他の編成局員が反対する中、自分はこの企画を支持すると言って孤軍奮闘、予算をきちんとつけてくれる編成マンがいた。しかしながら、現在は合議の多数決で番組が決まっている。
筆者は30年も放送作家をやっているため、若い放送作家も色々とたくさん知っている。その中にはまだ実力がなく、筆者から見れば放送作家と名乗ってはいるが、実際はただの人でしかないような人も仕事をしている。
そんな人に誰が仕事を依頼するのかと不思議になるが、「そんな人」にも仕事はある。何故なのか? 筆者には「そんな人」にも仕事があることが不思議でならなかった。しかし、ある時、気づいた。
「そんな人」に仕事を発注する凡庸なディレクターがいるからであった。凡庸なディレクターと凡庸な放送作家は、2人ともレベルが同じだから話が合うのである。低空飛行同士で安心感もあるのだろう。そんな人たちが面白くもない凡庸な番組を作っている。

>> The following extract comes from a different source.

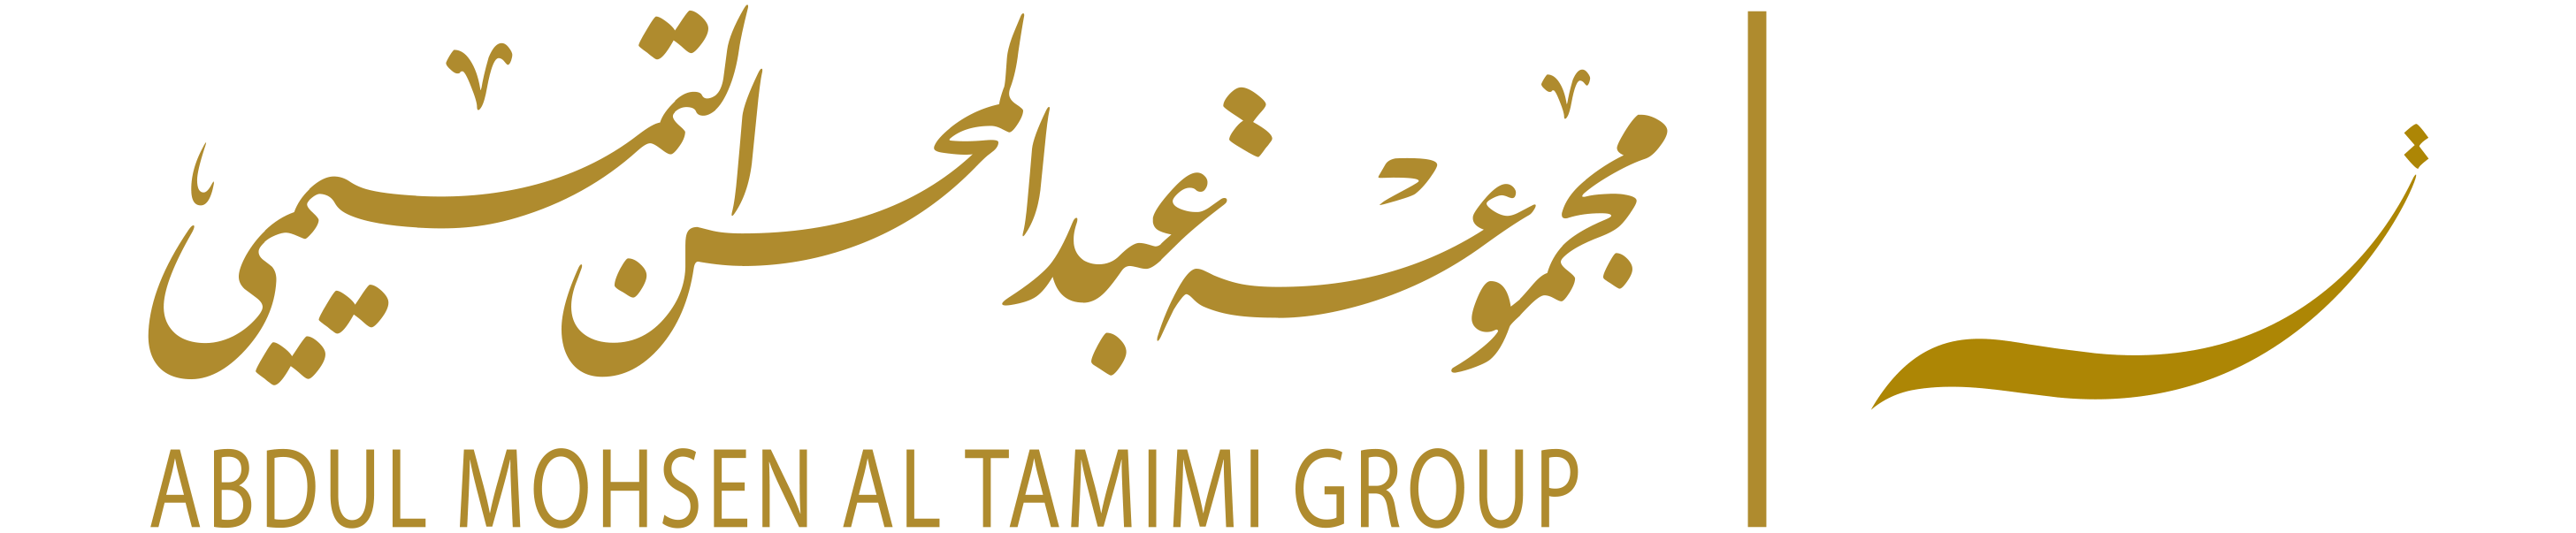 Abdulmohsen Al-Tamimi Group

これから民放は特に、物作りの会社ではなく、管理会社になっていくだろう。
実際に番組を作るのはテレビ局ではなく、番組制作会社と言うことになるが、この制作会社にキラキラ光る才能がいるか? と問われれてもなかなか見当たらない。制作会社とはテレビ局の「薄れて読めないカーボンコピー」のような存在であるからだ。
ただし、制作会社のディレクターの場合は、番組をハズしてばかりいると、仕事を失い、食っていけなくなるという「マイナスのインセンティブ」がある分、まだまだ有利だろう。少なからず危機感もあるからだ。
以上を踏まえて、これからのテレビの作り手対して筆者が思うことは、

「テレビ番組を作るディレクターを皆、フリーにすれば良いのではないか?」

ということである。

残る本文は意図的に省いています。